Выбрать главу

В городе Кромы гудел колокол. Посадская голытьба кинулась к боярским домам с криками: «Бей душегубов!»

Едва успели доложить Шуйскому о Кромах, как поднялся народ в Ельце.

Царь думал тяжкую думу: «Ежели этот вор Болотников войдёт в Кромы, оттуда, почитай, прямая дорога на Москву. А в Ельце-то ещё Лжедмитрий собрал оружия всякого, да пороха, да пушек: хотел оттуда в Крым идти. Значит, всё это теперь в руках смутьянов. И во главе у елецких, сказывают, Истома Пашков, дворянин…»

— На Кромы пусть князь Трубецкой с войском движется, а на Елец — князь Воротынский, — распорядился царь. — Ивашку Болотникова мне живьём приведите. Хочу посмотреть, каков он у палача на плахе будет.

Оба войска осадили Кромы и Елец, но взять не могли.

Царь каждый день спрашивал: как, мол, там идёт осада? Но ничего нового не слышал. Стоит войско и под одним городом и под другим, а толку никакого.

Но вот в августе примчался гонец с новостью:

— Государь, князь Трубецкой к Орлу отступает.

— Да что ты мелешь, дурень? — рассердился царь.

— Воля твоя, государь, а только разбил Ивашка под Кромами князя. Вот те крест. — Гонец перекрестился.

Через несколько дней прискакал к царю другой гонец, бухнулся в ноги:

— Государь, князь Воротынский разбит…

— Как?! — вскричал Шуйский.

— Наголову разбит. Истома Пашков гонит его к Туле.

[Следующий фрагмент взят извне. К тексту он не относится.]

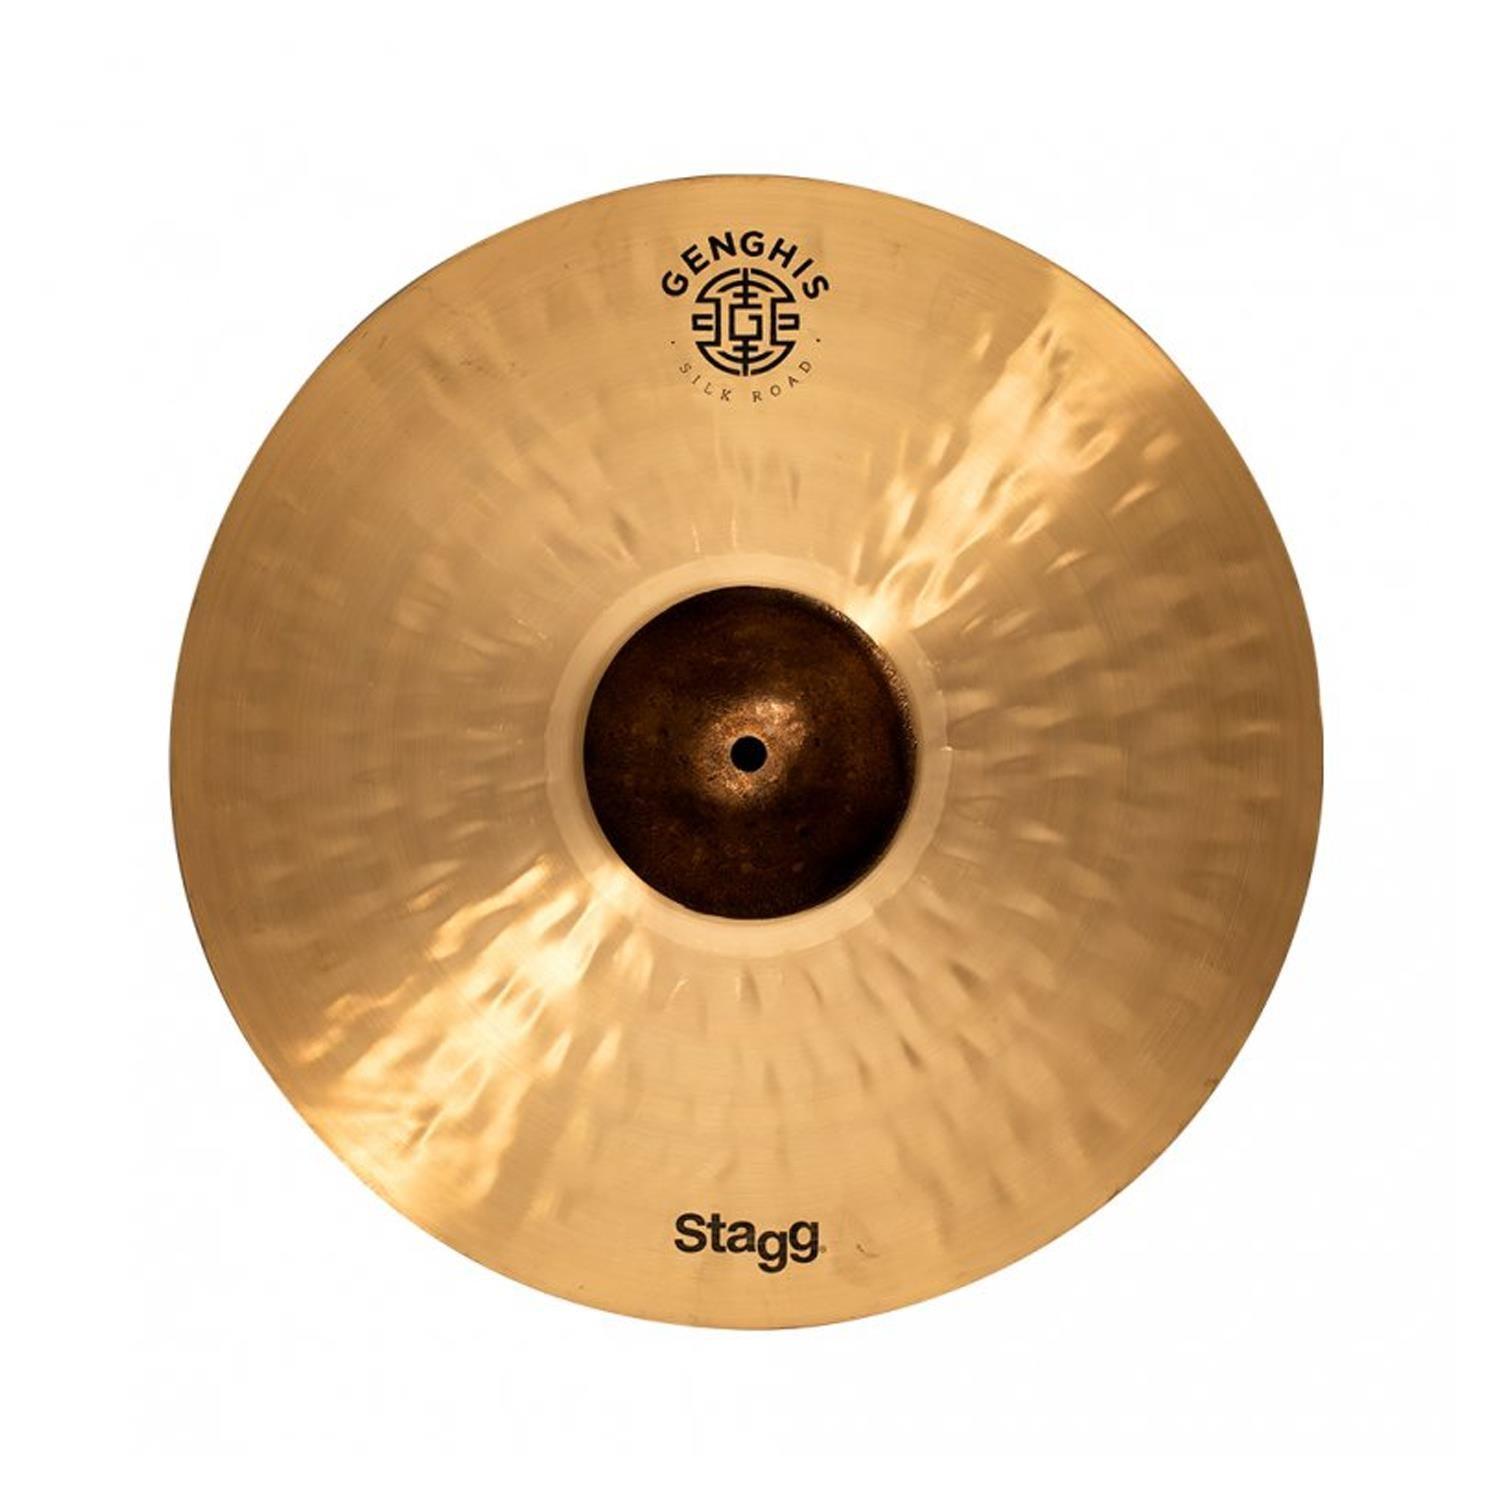 Stagg GENG-CM19E 19" Genghis Exo Medium Crash Cymbal - DY Pro Audio
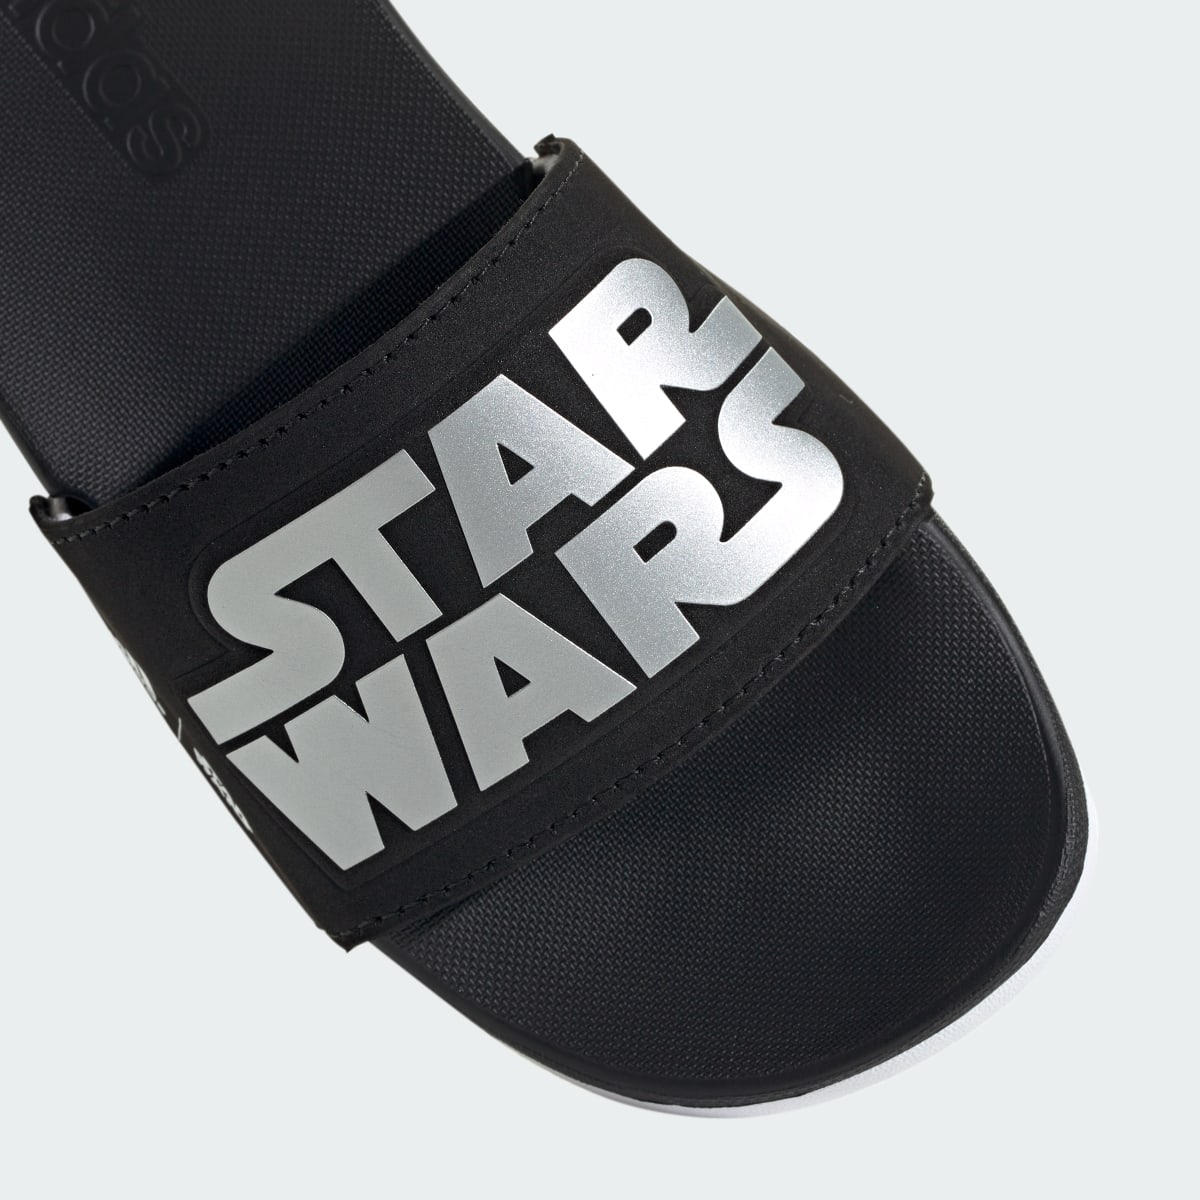 Adidas Chinelos Adilette Comfort Star Wars – Criança. 9

Так, по двум направлениям, и преследовали отступавших отряды Болотникова и Пашкова.

Вот уже взяли Орёл, Мценск, Белев, Перемышль…

Царь посылает новое войско во главе со своим братом князем Иваном Шуйским. Этот воевода считал, что остановит «вора» возле хорошо укреплённой Калуги. Среди городов, прикрывающих Москву с юга, Калуга и Тула были самыми крепкими.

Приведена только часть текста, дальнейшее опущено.